Pumpkin Breakfast Cookies

  • 12
  • 10 mins
  • 25 mins

Ingredients

  • 1/4 cup coconut oil, melted
  • 1/4 cup honey
  • 1 cup rolled oats
  • 1 cup quick cooking oats
  • 2/3 cup dried cranberries
  • 2/3 cup pumpkin seeds
  • 1/4 cup ground flax
  • 1 teaspoon pumpkin pie spice
  • 1/2 teaspoon salt
  • 1/2 cup pumpkin puree
  • 2 eggs, beaten

Preparation

Step 1

1. Preheat oven to 325 F. Line a baking sheet.
2. In a small bowl warm Spectrum® coconut oil and honey (either microwave, inside preheating oven or on the stove top).
3. In a large bowl combine both kinds of oats, cranberries, pumpkin seeds, ground flax, pumpkin pie spice and salt.

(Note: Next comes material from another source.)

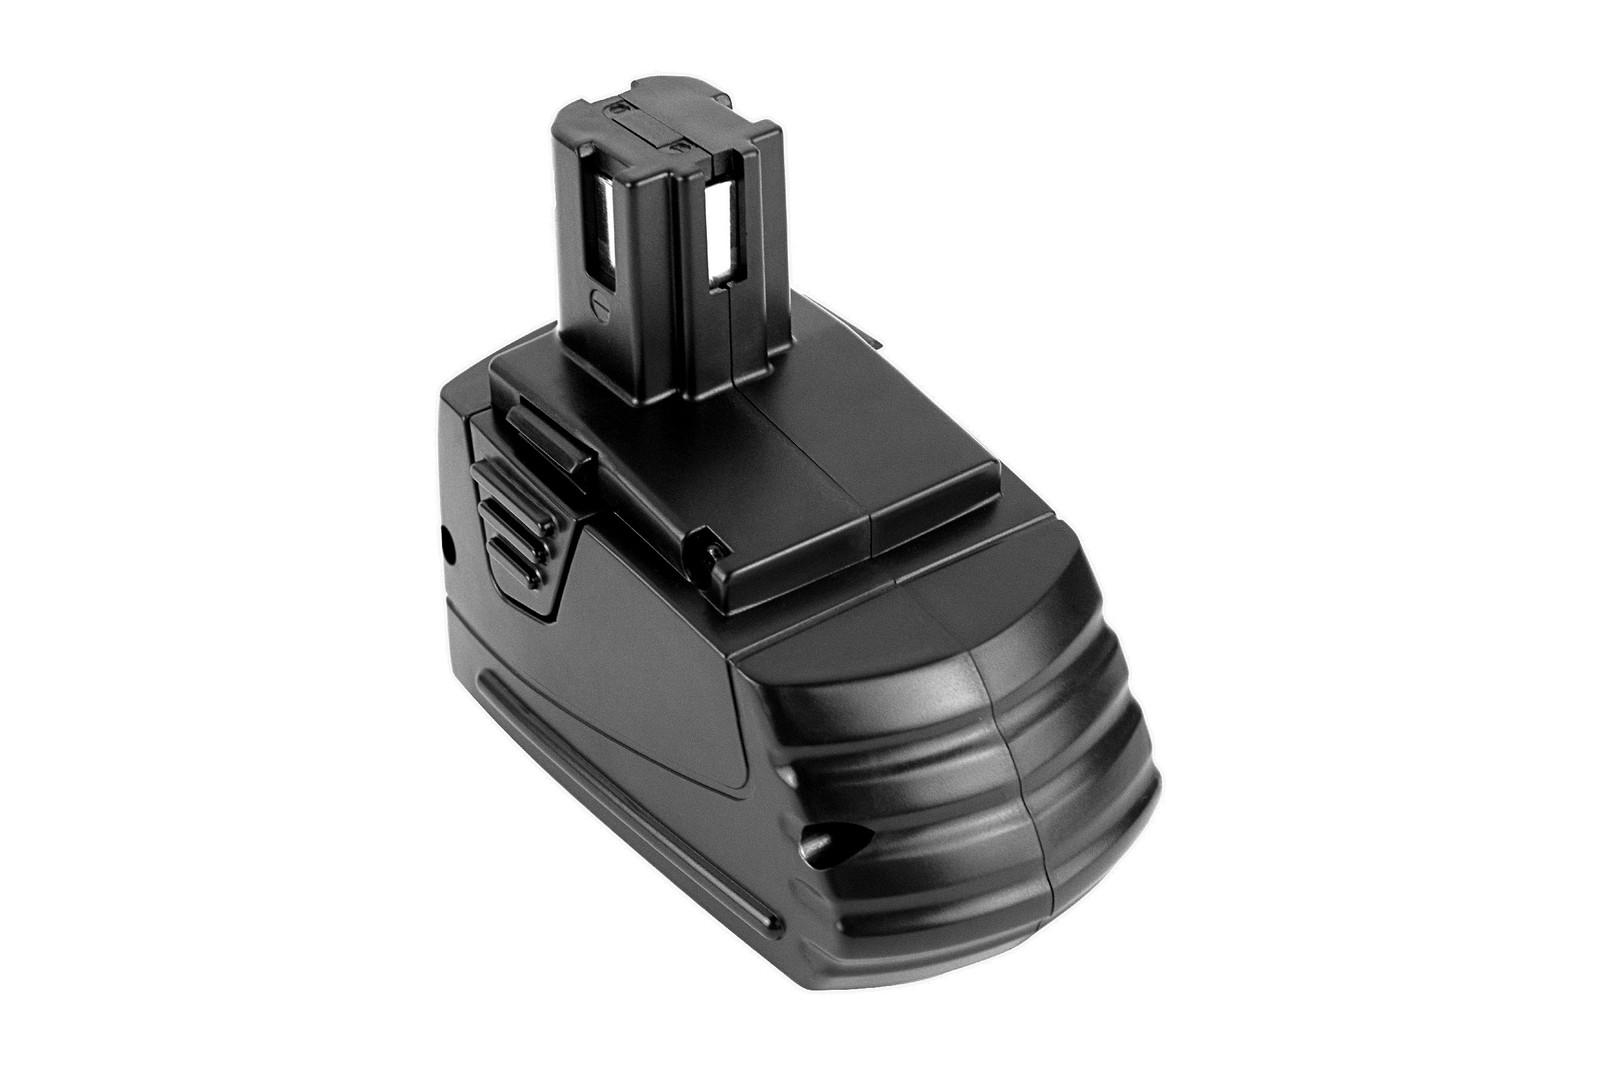 Batterie Hilti SFB SFB121 126 SF121-A - 12V 3000mAh NIMH(compatible)
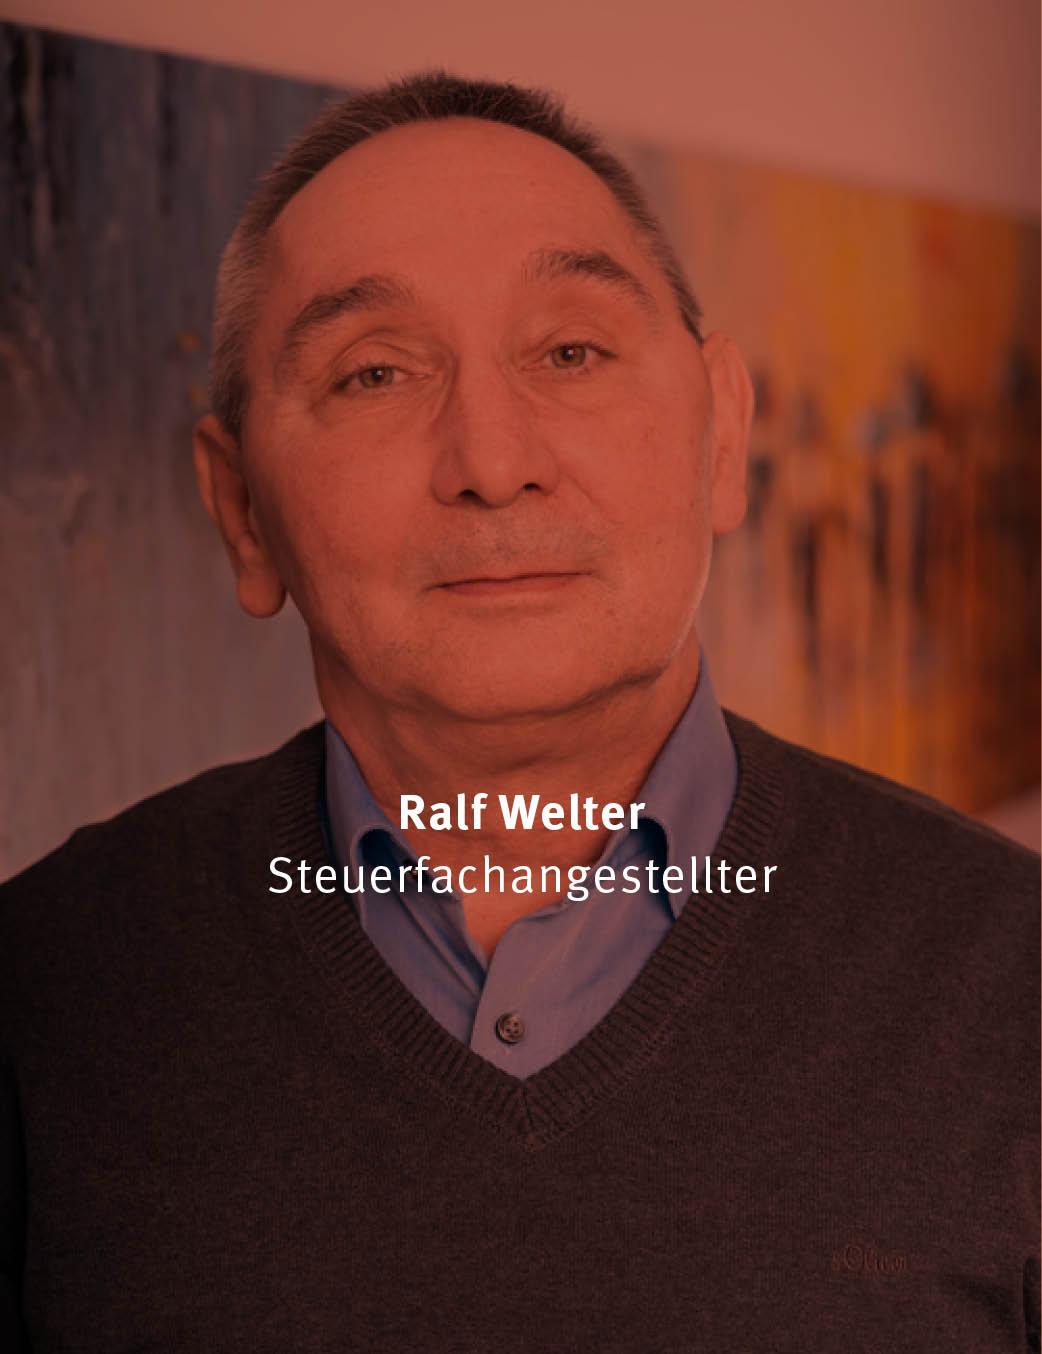 Ralf Welter Steuerfachangestellter Steuerberater Langenau Klaiber, Lotspeich, Kneer, Anhorn, Stiele, Partnerschaft mbB, Steuer, Langenau

Add pumpkin puree, eggs and warmed coconut oil and honey. Stir until fully combined.
4. Drop about ¼ cup sized scoops of the mixture onto a cookie sheet and flatten (cookies won't spread while baking). Bake for about 15-20 minutes until edges are lightly browned.
5. Let cookies cool on baking sheet before moving to an airtight storage container.